Maruyama K, Abe S, Ishii T
J Biochem. 1975 Jan 1;77(1?):131-6.
Beta-Actinin, a regulatory protein of muscle, greatly decreased the dynamic rigidity modulus of an acto-heavy meromyosin solution. However, it was found that the mechanical mixing procedure used resulted in fragmentation of the decorated F-actin particles and beta-actinin inhibited the reassociation of the fragmented particles. This was the reason for the decrease of the dynamic rigidity modulus of the acto-heavy meromyosin complex caused by beta-actinin. When beta-actinin was added to the acto-heavy meromyosin solution in the presence of ATP, it did not affect the visco-elasticity. F-actin particles dissociated by ATP were not fragmented by the mixing procedure, which was responsible for the apparent inactivation of beta-actinin in the presence of ATP.

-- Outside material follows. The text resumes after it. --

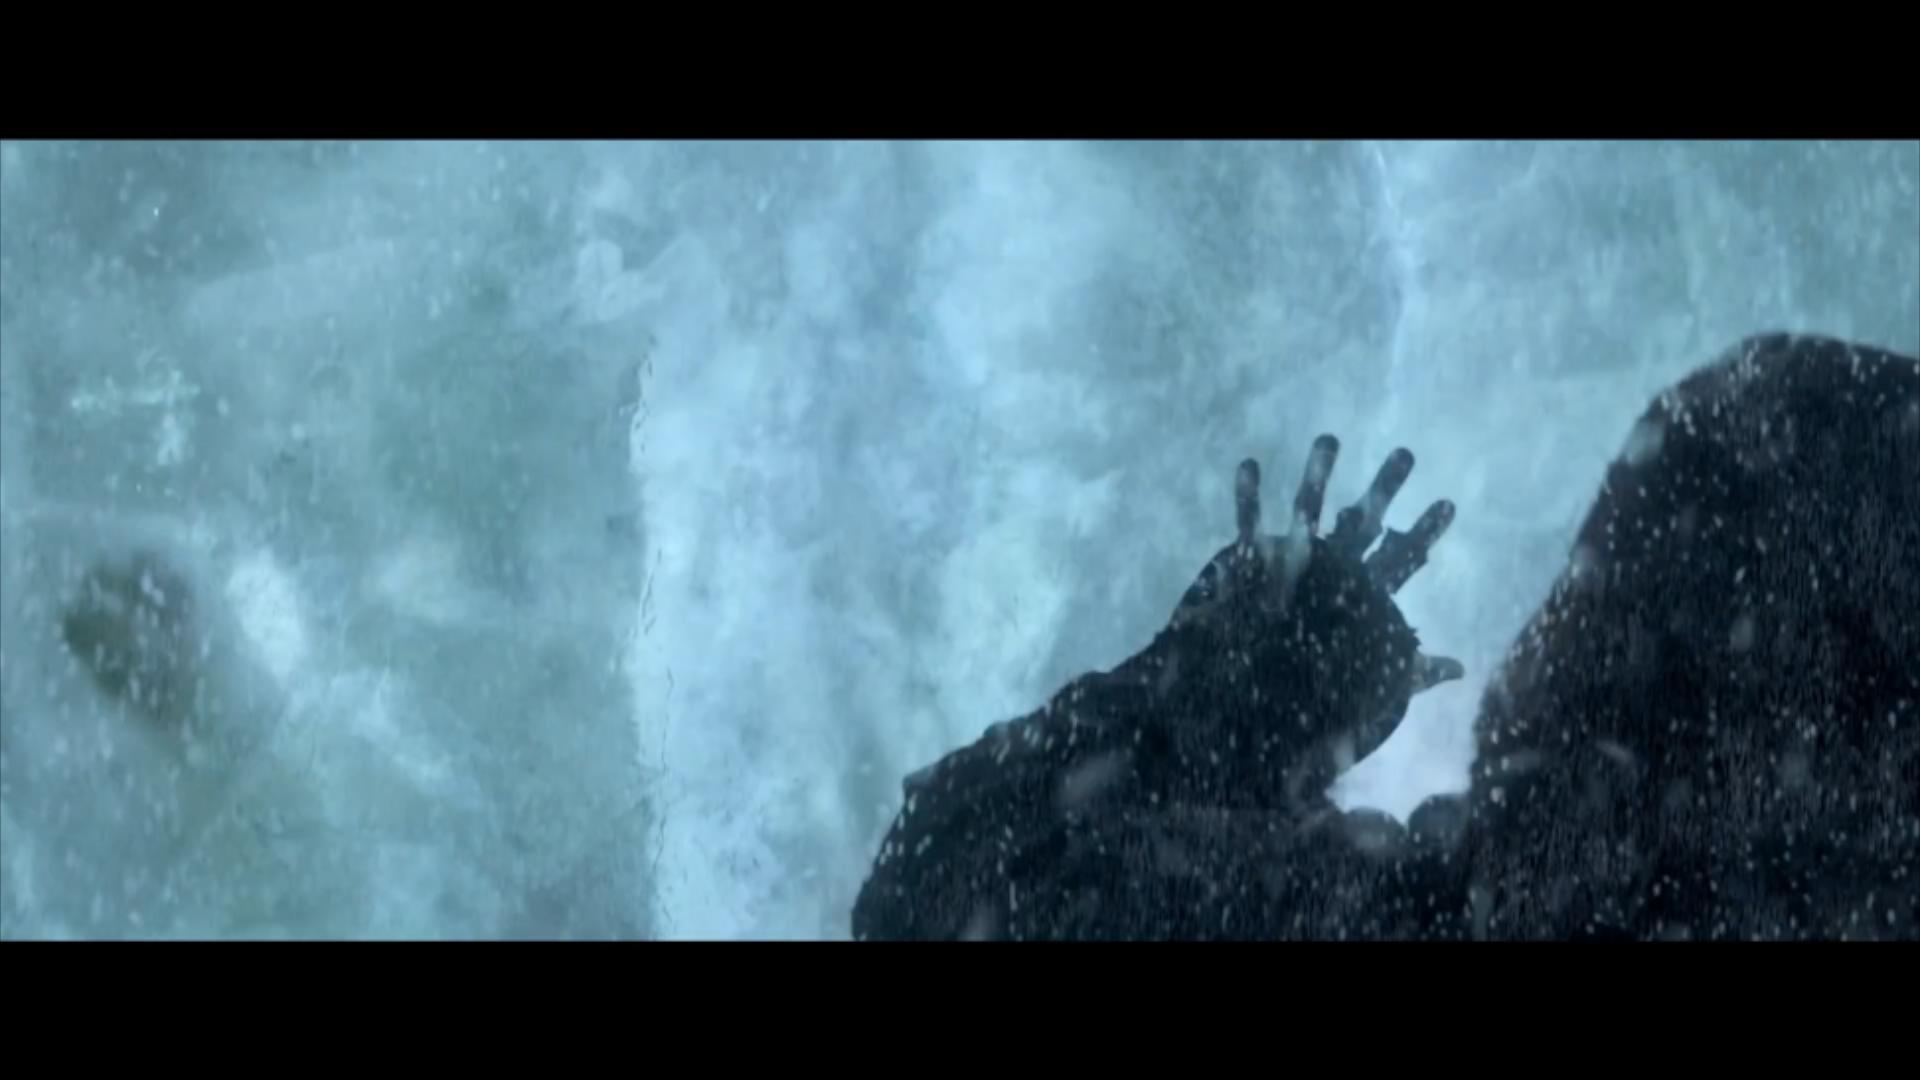 2018《阿尔法:狼伴归途》2700字,7分钟剧情解说稿-第11张图片

β-肌动蛋白是一种肌肉调节蛋白,它极大地降低了肌动蛋白-重酶解肌球蛋白溶液的动态刚性模量。然而,研究发现,所采用的机械混合程序导致了被标记的F-肌动蛋白颗粒发生碎片化,并且β-肌动蛋白抑制了碎片化颗粒的重新结合。这就是β-肌动蛋白导致肌动蛋白-重酶解肌球蛋白复合物动态刚性模量降低的原因。当在ATP存在的情况下将β-肌动蛋白添加到肌动蛋白-重酶解肌球蛋白溶液中时,它不会影响粘弹性。被ATP解离的F-肌动蛋白颗粒不会因混合程序而碎片化,这就是在ATP存在时β-肌动蛋白明显失活的原因。